= Makar of Pécs =

Makar was a prelate in the Kingdom of Hungary in the second half of the 13th century. He was provost of Dömös Chapter around 1156, and bishop of Pécs between around 1162 and 1186. The medieval sculptures of the cathedral at Pécs are dated to his period.

==Life==
The first record on Makar's life (a charter of 1156 by Archbishop Martyrius of Esztergom) refers to him as provost of the collegiate chapter at Dömös. He was appointed bishop of Pécs in the reign of King Géza II of Hungary. However, Makar became one of the four prelates who assisted Géza II's brother, Stephen IV against the late king's son, Stephen III. Stephen IV's claim to the throne was promoted by the Byzantine Empire, which may account for Makar's choice, his diocese being situated on the southern borders of Hungary.

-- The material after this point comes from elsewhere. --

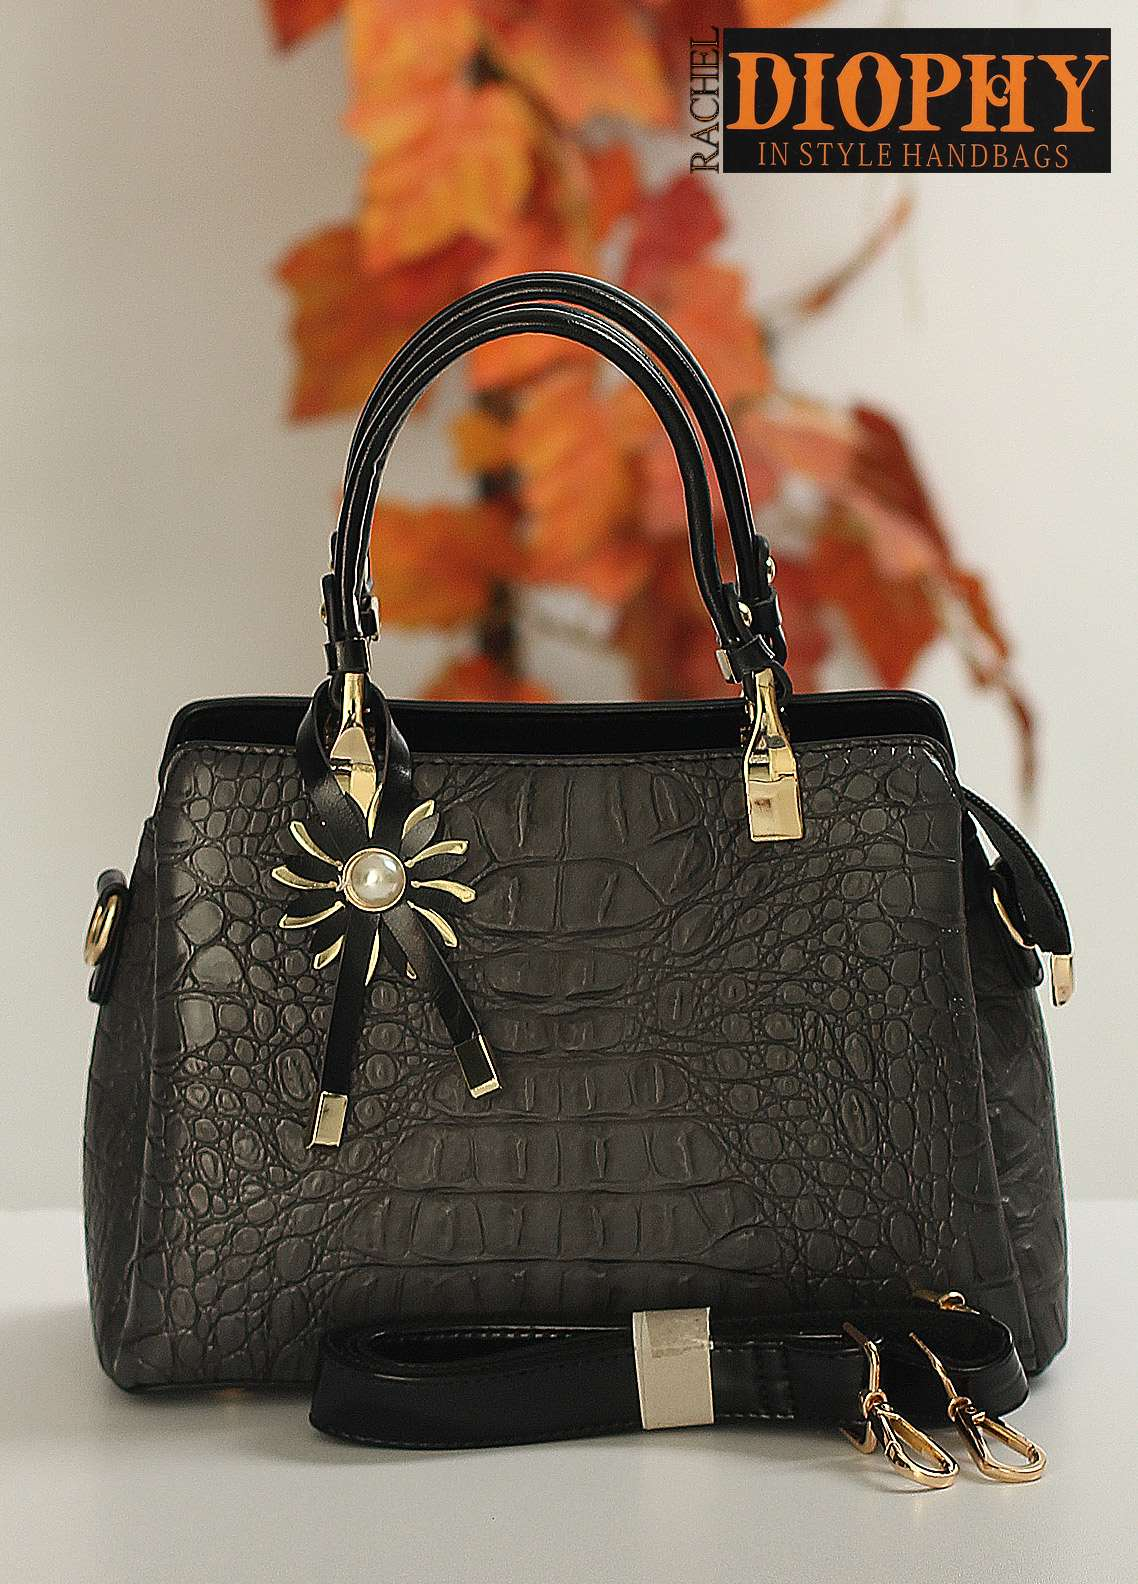 Rachel Diophy PU Leather Satchels Handbags for Women - Grey with Crocodile Textured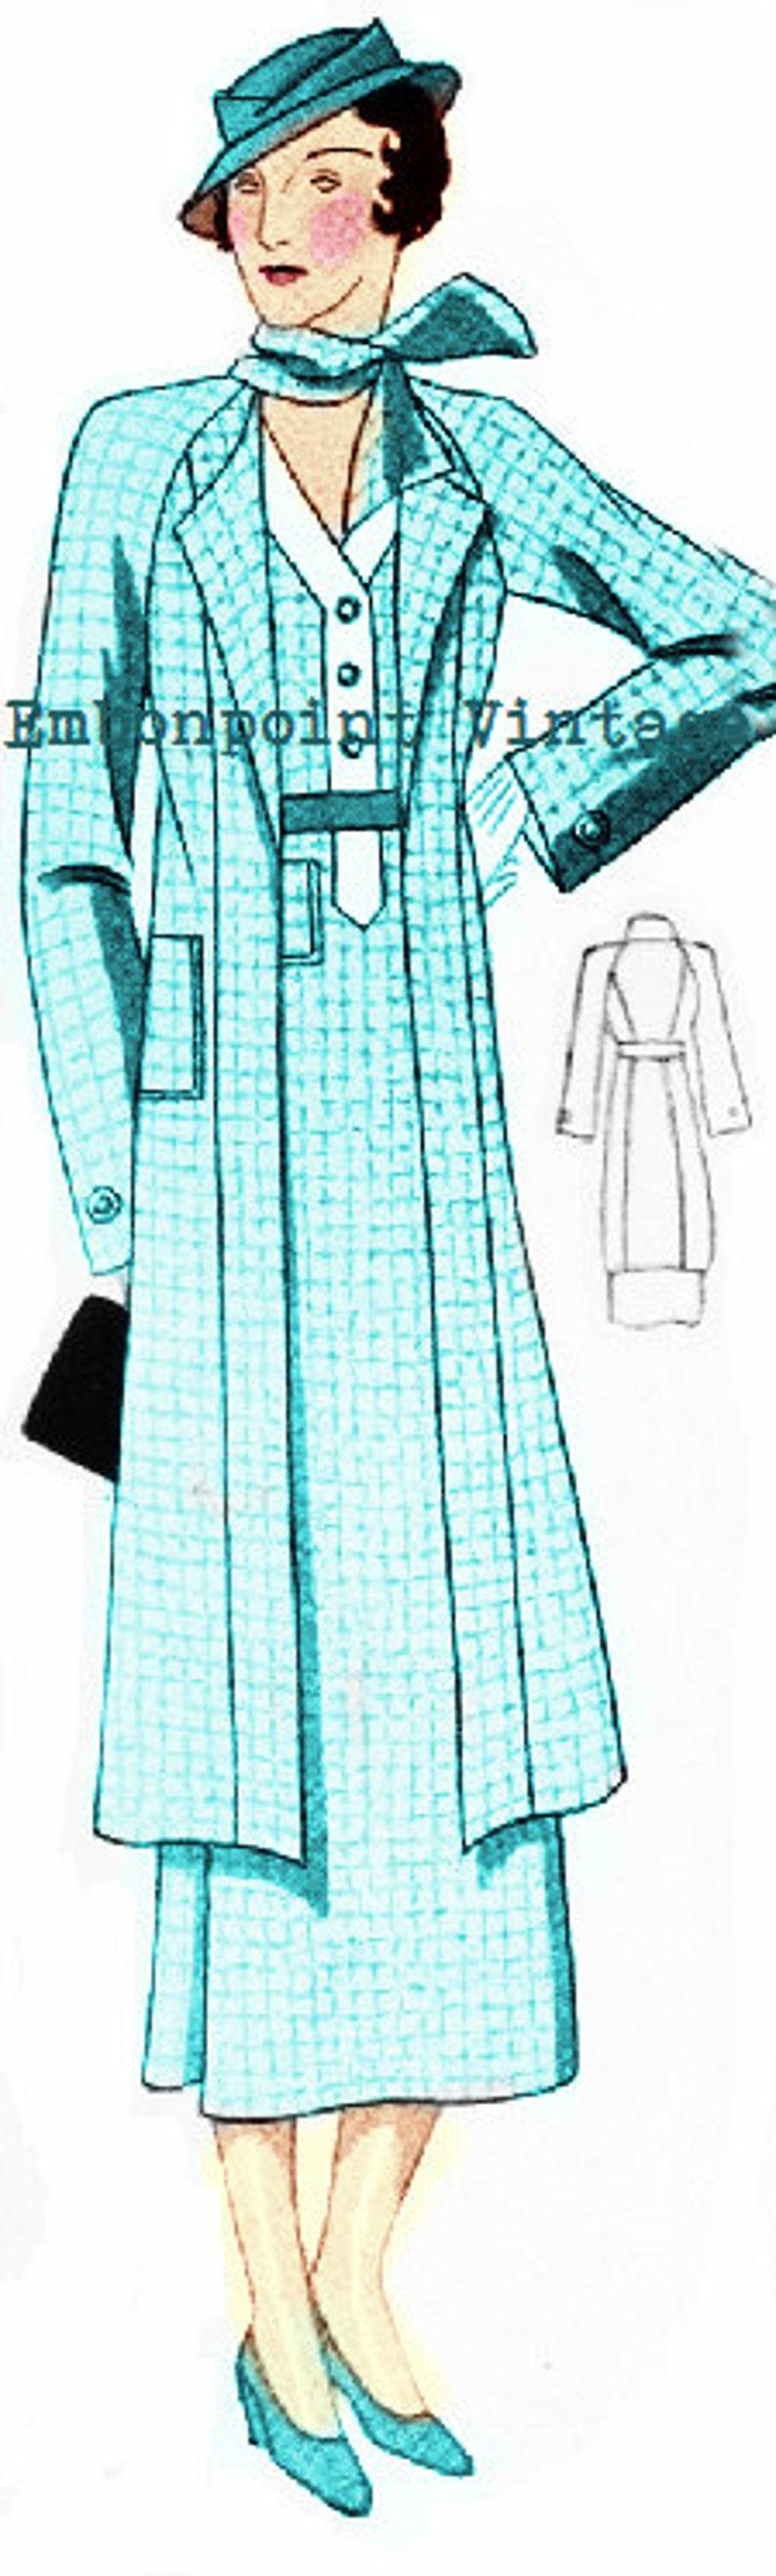 1930s Sewing Patterns- Dresses, Pants, Tops Plus Size (or any size) 1934 Vintage Suit Ensemble Sewing Pattern - PDF - Pattern No 73 Effie 1930s 30s Patterns Instant Download $13.97 AT vintagedancer.com

Nevertheless, Makar left Stephen IV's party, shortly after, since a charter Stephen III issued in the middle of 1163 listed him among the prelates witnessing the document. The first reference to "guest settlers" in Pécs is connected to his period, because King Béla III of Hungary confirmed a sale of a piece of land by the widow of the leader of the "guest settlers" in Pécs. The architecture of the altar dedicated to the Holy Cross in the cathedral has clear analogies in the contemporary architecture in Milan, Parma and Padua, while suggests the presence of stonemasons from Lombardy.

A non-authentic royal charter dated to 1186 contains the last reference to Makar.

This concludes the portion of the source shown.